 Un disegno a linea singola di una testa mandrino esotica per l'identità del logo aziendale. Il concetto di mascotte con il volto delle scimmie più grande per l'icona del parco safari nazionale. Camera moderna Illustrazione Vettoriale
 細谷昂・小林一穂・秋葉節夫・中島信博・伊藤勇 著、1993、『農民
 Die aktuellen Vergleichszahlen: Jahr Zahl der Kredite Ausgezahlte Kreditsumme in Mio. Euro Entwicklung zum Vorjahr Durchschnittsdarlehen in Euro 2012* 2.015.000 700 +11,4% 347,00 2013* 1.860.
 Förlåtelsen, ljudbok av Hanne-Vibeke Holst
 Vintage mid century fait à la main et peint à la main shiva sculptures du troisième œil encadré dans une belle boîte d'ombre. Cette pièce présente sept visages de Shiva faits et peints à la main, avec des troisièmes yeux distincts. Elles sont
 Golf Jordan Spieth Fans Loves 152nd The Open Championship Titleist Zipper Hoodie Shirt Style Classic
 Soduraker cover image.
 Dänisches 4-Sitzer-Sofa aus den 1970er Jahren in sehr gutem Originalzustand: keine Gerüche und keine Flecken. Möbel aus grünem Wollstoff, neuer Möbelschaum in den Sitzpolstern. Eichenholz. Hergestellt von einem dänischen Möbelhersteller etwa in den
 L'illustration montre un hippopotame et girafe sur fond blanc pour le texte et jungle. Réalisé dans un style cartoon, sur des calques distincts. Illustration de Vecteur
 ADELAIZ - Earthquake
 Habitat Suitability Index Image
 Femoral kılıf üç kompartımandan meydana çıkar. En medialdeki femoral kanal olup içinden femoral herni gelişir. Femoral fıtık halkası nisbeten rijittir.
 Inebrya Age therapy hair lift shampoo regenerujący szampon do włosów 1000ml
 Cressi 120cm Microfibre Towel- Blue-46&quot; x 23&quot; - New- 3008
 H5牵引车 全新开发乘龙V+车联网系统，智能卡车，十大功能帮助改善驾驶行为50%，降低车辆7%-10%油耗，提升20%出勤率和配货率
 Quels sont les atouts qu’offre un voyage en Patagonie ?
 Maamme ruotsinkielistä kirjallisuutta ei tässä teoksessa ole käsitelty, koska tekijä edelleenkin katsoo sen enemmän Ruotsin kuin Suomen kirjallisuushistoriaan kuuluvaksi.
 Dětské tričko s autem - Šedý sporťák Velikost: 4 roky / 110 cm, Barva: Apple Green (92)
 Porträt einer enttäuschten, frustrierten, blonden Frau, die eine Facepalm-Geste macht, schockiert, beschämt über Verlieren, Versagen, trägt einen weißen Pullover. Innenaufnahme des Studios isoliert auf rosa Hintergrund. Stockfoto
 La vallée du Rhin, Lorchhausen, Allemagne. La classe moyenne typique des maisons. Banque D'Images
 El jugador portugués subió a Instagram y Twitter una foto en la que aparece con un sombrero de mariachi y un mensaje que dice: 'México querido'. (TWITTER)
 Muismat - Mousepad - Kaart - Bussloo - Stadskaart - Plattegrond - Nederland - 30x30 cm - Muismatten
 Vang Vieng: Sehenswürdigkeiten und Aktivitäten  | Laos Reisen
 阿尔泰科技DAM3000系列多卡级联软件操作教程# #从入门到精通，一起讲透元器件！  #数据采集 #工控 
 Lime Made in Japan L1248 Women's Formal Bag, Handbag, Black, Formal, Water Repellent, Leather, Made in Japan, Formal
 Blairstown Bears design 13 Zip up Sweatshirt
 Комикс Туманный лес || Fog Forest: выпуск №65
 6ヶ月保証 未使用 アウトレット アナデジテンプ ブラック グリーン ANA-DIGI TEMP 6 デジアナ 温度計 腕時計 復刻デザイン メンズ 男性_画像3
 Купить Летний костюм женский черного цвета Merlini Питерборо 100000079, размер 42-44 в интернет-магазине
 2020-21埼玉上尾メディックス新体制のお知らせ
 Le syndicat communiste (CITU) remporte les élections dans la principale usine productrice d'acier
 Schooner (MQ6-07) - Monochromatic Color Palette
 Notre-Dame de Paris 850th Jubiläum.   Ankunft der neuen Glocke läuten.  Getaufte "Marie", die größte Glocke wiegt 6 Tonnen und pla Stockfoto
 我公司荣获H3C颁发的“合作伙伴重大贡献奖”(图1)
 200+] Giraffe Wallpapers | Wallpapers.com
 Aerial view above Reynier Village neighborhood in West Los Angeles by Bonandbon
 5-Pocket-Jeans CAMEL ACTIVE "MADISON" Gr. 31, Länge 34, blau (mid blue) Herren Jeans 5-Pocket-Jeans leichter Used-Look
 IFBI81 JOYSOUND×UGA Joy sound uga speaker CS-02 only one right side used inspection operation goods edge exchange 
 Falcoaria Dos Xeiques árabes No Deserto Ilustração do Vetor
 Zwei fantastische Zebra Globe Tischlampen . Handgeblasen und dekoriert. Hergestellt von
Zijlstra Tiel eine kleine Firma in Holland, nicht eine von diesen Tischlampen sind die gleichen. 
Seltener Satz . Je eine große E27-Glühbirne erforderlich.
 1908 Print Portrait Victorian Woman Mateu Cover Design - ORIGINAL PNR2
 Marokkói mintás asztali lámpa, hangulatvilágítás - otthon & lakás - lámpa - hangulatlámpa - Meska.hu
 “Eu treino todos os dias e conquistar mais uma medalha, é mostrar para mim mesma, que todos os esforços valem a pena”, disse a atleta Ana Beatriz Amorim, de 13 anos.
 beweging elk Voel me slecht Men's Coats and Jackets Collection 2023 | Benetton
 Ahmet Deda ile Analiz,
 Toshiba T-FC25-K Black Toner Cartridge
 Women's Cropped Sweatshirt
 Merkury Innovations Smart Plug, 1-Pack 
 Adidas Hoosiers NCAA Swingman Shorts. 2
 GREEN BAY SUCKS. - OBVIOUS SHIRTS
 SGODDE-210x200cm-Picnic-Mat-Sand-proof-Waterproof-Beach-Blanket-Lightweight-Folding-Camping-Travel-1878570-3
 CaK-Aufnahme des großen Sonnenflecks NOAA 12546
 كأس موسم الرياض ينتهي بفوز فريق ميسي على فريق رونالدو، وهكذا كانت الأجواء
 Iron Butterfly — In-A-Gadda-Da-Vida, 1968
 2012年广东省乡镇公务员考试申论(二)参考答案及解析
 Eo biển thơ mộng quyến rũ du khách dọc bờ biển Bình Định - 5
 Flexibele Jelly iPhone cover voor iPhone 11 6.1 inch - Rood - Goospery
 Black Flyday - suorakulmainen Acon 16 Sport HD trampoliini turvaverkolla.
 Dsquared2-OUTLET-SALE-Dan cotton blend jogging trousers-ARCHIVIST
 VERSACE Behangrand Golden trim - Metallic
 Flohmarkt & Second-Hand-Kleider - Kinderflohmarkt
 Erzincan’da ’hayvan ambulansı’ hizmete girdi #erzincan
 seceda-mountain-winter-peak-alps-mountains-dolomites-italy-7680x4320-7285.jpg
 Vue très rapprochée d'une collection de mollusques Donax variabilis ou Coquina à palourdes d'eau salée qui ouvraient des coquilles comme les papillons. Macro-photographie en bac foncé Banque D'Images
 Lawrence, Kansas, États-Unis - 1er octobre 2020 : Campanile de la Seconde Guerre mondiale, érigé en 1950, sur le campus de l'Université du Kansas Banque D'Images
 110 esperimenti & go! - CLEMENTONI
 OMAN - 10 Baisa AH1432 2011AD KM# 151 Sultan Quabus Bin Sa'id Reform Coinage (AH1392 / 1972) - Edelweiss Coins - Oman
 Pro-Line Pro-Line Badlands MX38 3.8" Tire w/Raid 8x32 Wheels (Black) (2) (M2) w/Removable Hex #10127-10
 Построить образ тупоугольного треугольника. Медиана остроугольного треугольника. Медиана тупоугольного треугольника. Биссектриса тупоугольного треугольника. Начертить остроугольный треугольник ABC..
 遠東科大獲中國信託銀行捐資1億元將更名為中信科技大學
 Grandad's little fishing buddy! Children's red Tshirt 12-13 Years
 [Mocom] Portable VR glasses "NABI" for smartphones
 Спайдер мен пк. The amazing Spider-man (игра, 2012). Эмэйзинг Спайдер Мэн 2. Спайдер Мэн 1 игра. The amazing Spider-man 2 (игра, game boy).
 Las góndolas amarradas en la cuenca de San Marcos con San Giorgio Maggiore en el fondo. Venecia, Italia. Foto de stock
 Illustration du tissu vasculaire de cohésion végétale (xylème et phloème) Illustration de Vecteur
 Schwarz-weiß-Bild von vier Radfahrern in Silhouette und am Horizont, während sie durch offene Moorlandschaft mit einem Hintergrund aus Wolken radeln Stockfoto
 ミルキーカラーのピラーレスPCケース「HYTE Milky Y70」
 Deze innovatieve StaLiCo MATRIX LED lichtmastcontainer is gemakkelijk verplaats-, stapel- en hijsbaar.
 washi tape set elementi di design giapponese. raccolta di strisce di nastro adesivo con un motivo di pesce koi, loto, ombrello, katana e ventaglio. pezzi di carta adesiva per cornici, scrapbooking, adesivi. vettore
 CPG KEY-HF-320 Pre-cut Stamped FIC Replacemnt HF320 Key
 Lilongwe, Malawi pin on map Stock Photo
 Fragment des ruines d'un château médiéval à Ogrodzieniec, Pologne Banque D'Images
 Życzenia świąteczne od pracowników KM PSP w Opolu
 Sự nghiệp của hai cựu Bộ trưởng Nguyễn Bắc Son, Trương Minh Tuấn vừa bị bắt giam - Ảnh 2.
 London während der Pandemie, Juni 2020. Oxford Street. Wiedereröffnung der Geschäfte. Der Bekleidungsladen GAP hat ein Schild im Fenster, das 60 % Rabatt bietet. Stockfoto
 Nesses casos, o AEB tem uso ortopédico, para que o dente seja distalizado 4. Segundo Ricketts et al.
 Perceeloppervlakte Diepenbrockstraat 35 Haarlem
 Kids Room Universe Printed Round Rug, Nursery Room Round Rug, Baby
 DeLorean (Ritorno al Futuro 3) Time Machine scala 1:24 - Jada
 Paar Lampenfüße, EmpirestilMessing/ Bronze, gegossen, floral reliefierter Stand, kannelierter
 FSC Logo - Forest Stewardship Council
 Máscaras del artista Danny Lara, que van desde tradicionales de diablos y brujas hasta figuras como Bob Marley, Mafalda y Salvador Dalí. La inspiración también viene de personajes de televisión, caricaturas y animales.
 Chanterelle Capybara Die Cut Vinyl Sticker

◇ ◇ ◇ ◇ ◇ ◇ ◇

(Task objective):
Your answer should consist of all lines above that include the string "Sweatshirt".

(Task result):
 Blairstown Bears design 13 Zip up Sweatshirt
 Women's Cropped Sweatshirt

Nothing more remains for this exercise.